Task to carry out: Transcribe the full listing exactly, and drop every picture.

Dataset content:
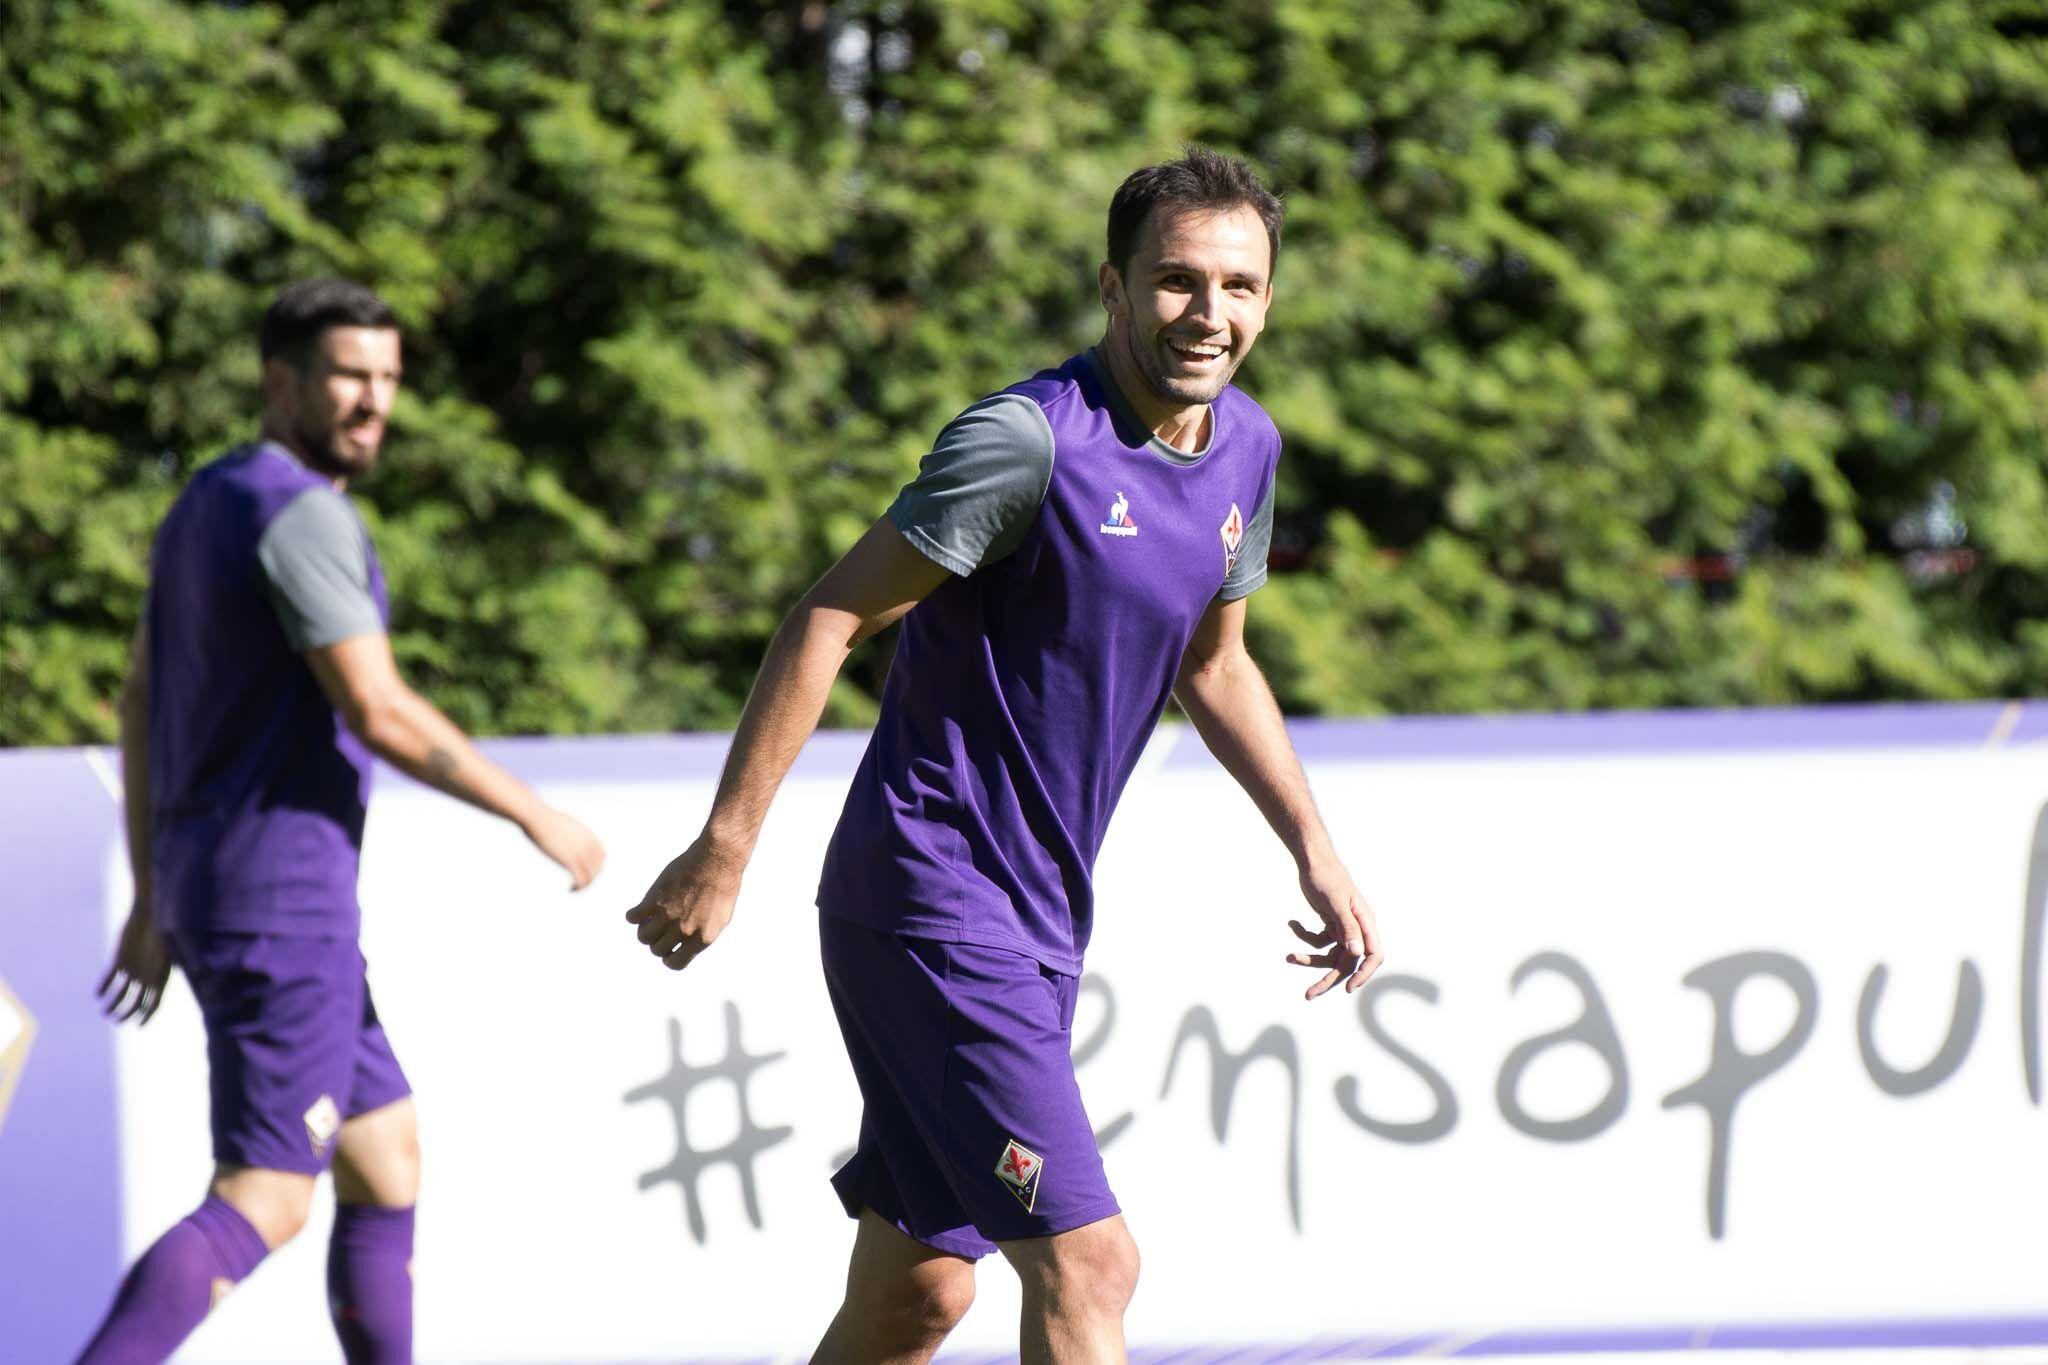 Badelj, ufficiale: niente Milan, rimane alla Fiorentina
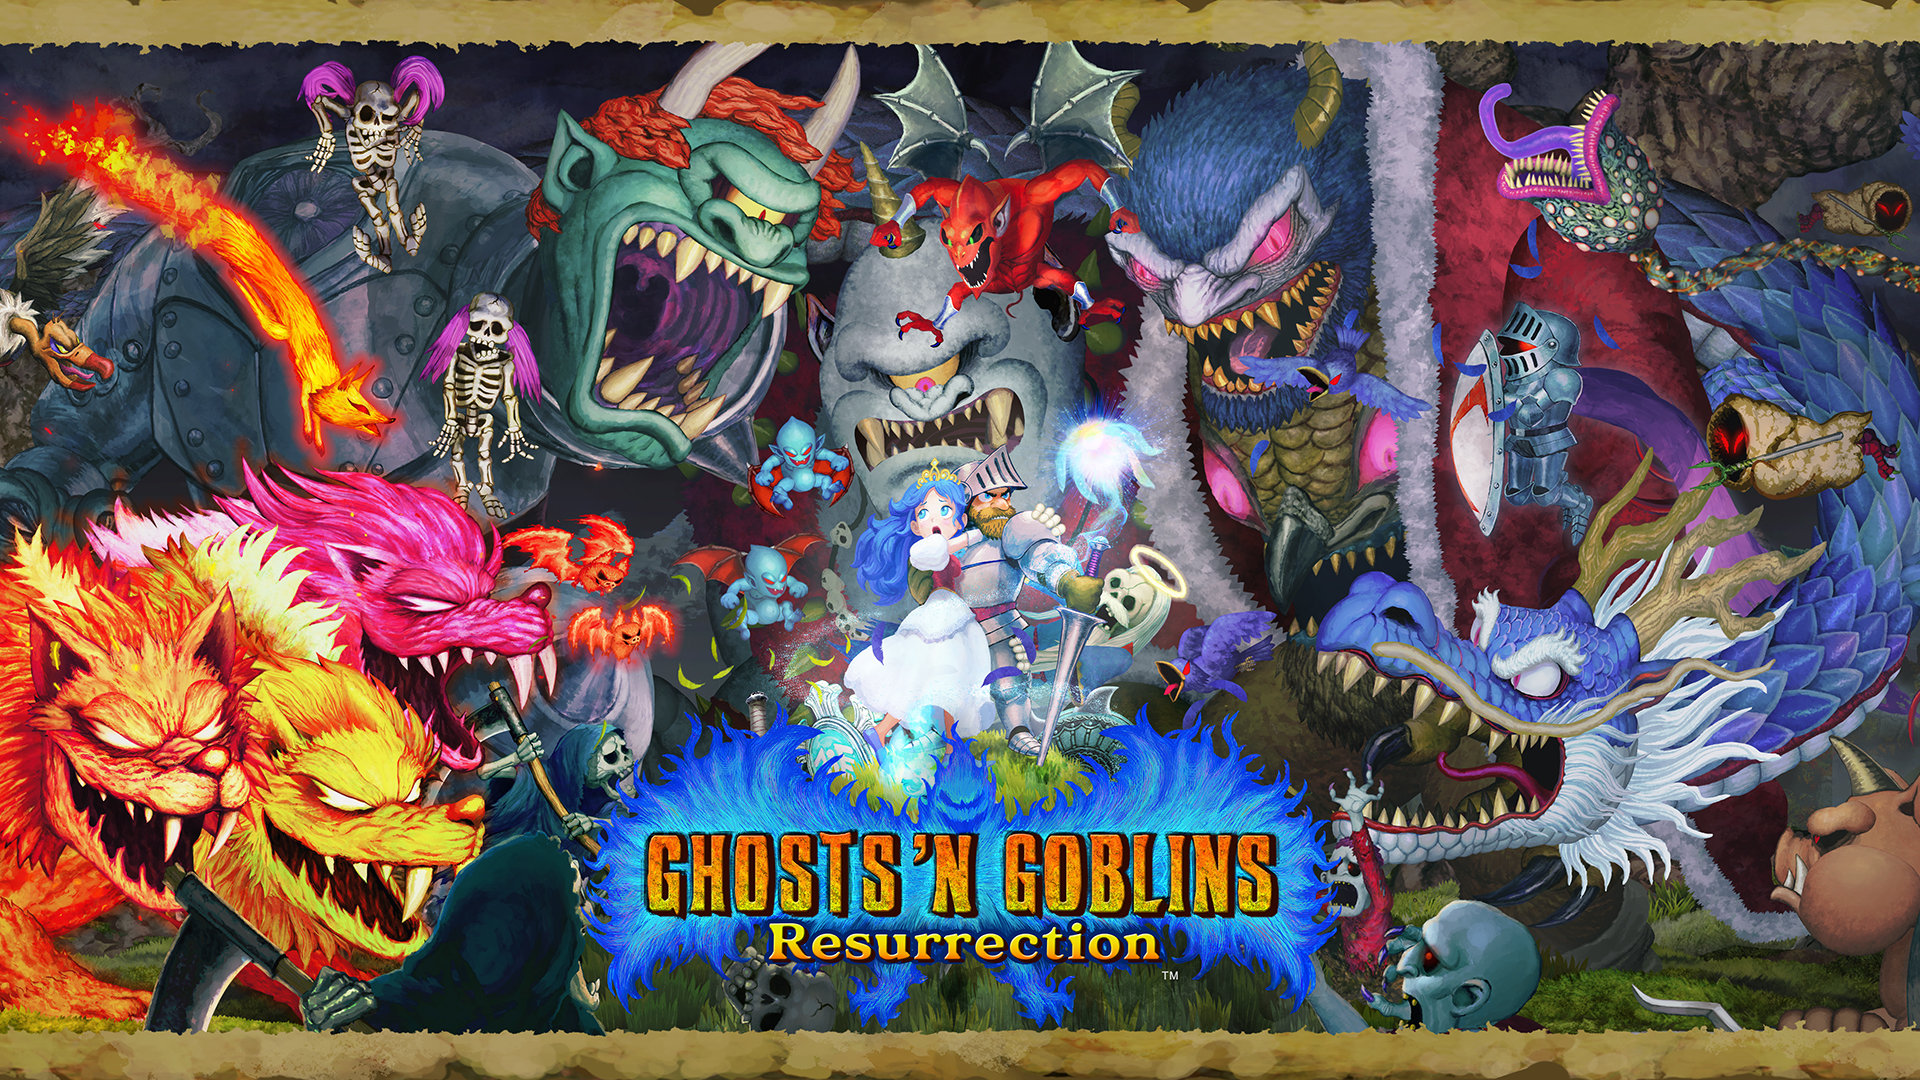 Ghosts 'N Goblins Resurrection - Poster
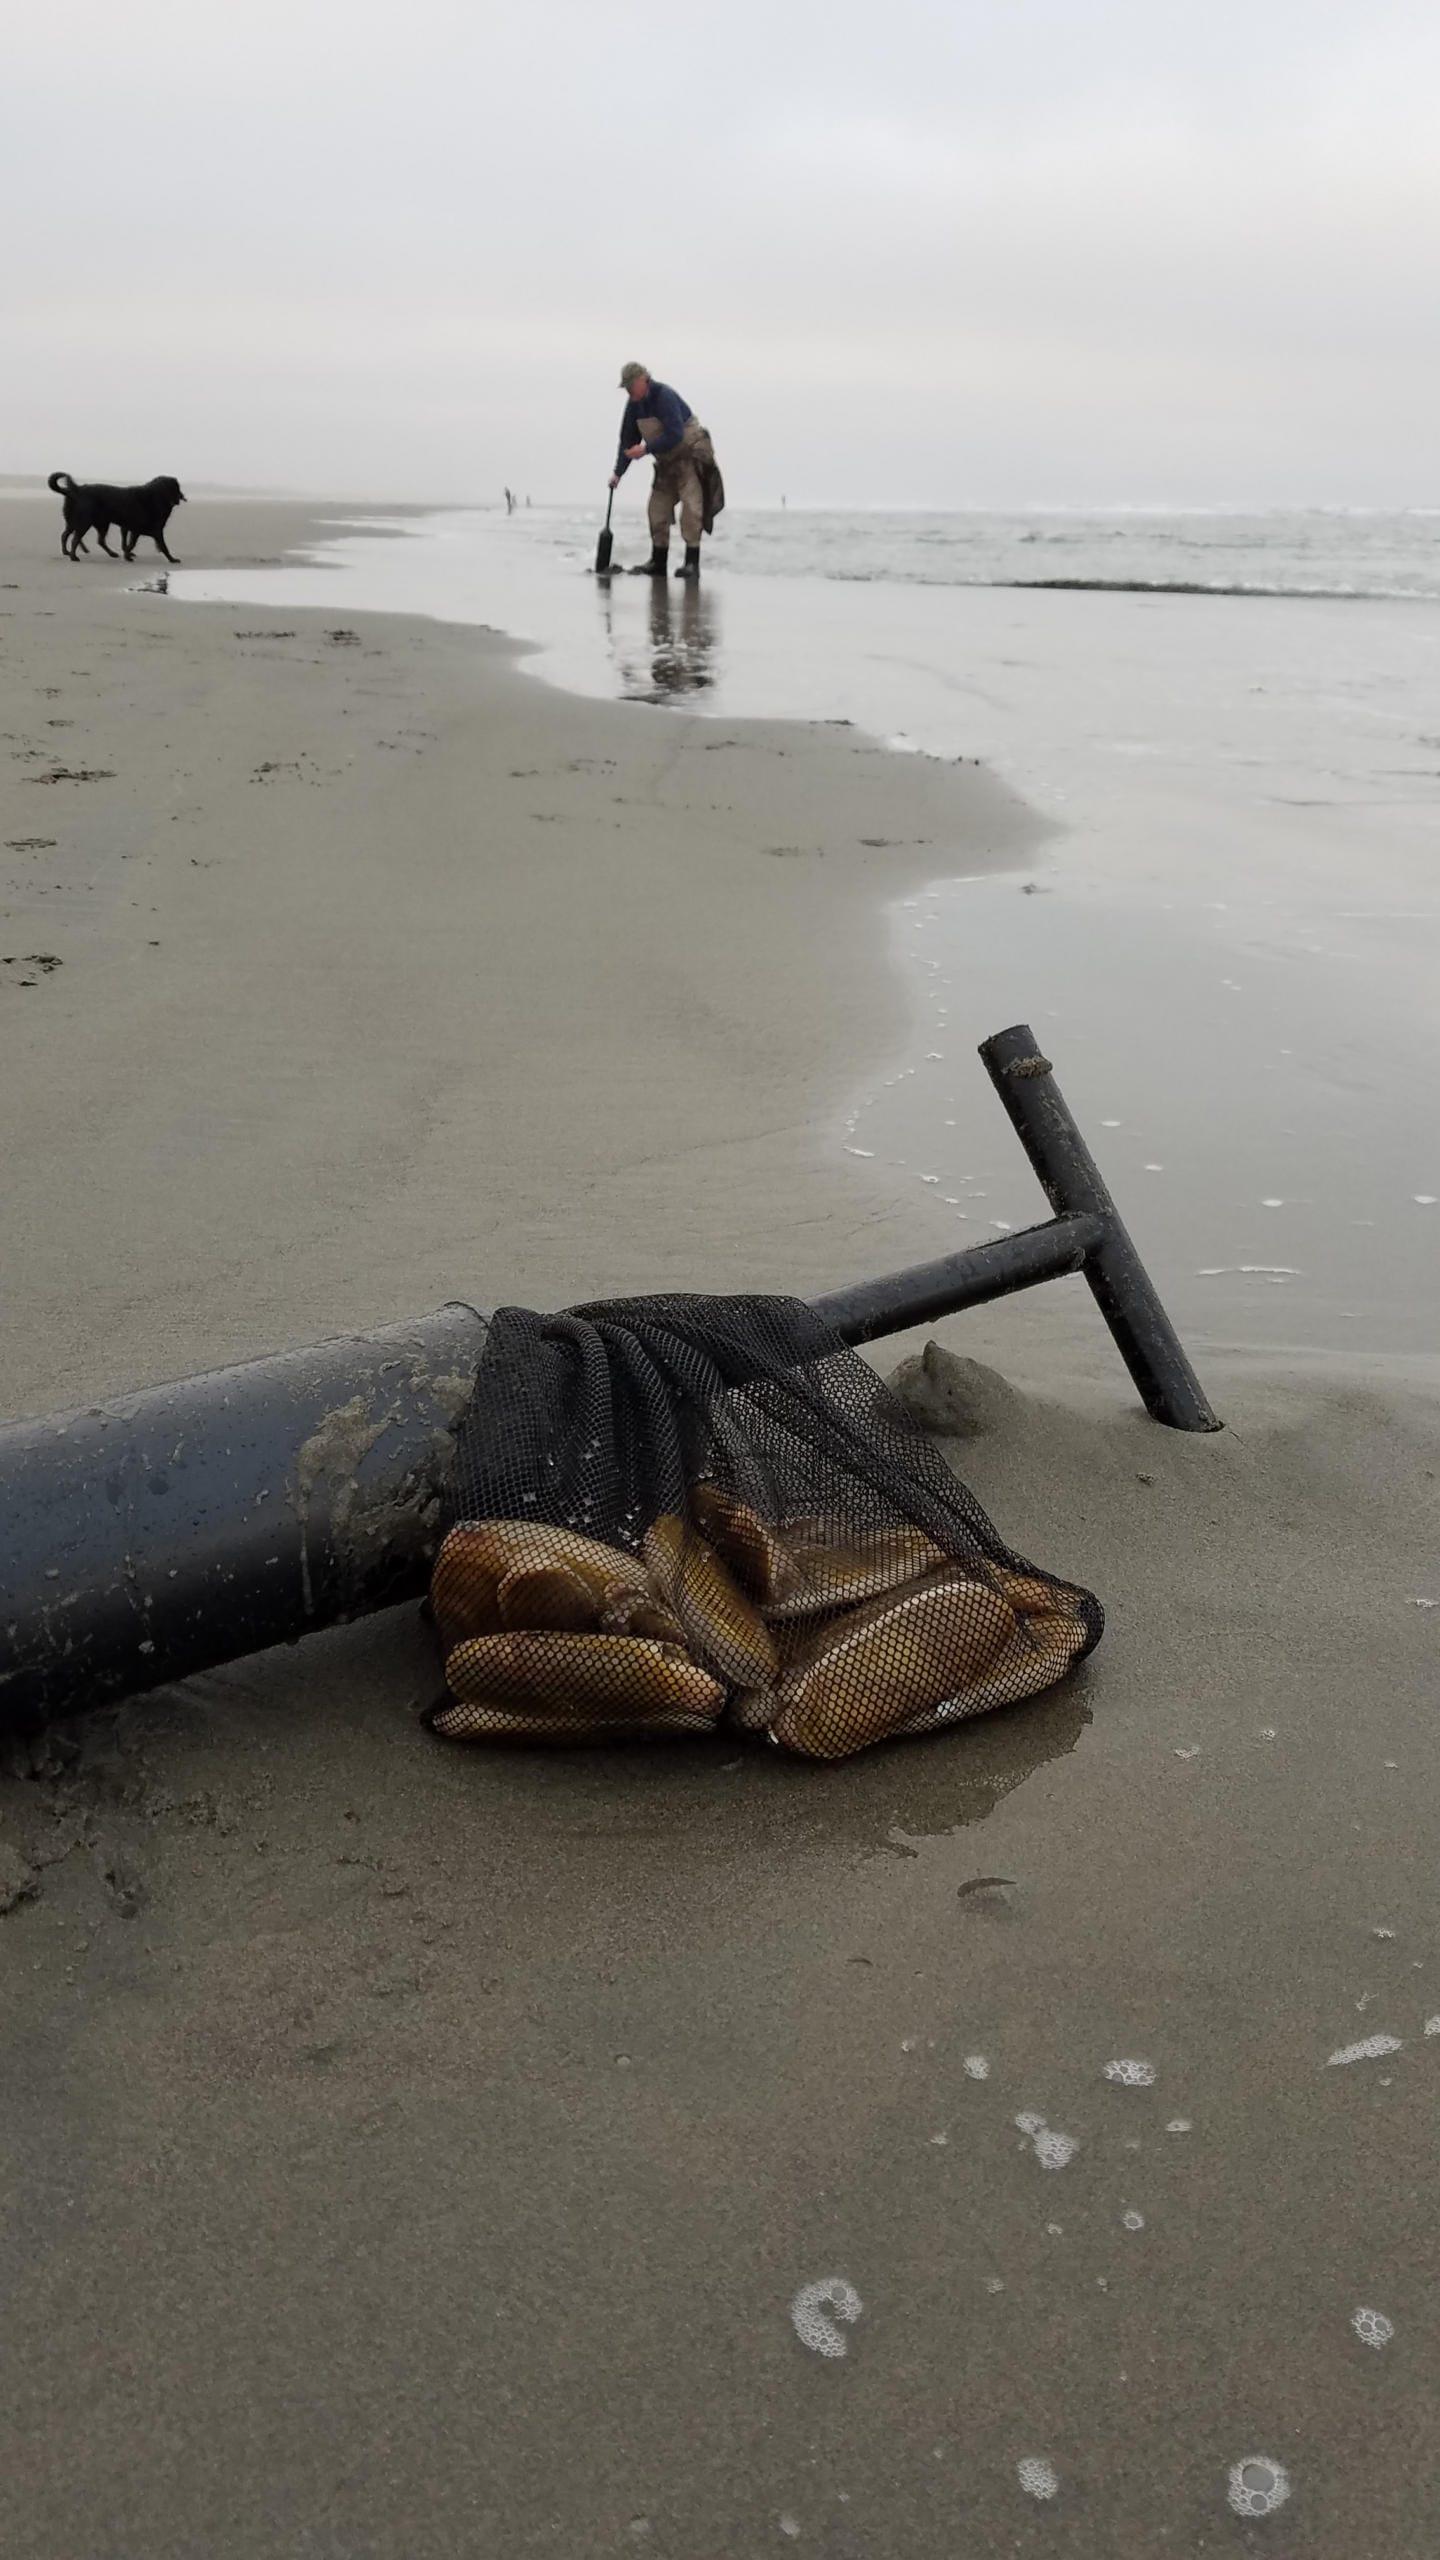 Razor clam digging at Mocrocks Beach OK'd for Saturday, Monday

Expected answer:
 Badelj, ufficiale: niente Milan, rimane alla Fiorentina
 Ghosts 'N Goblins Resurrection - Poster
 Razor clam digging at Mocrocks Beach OK'd for Saturday, Monday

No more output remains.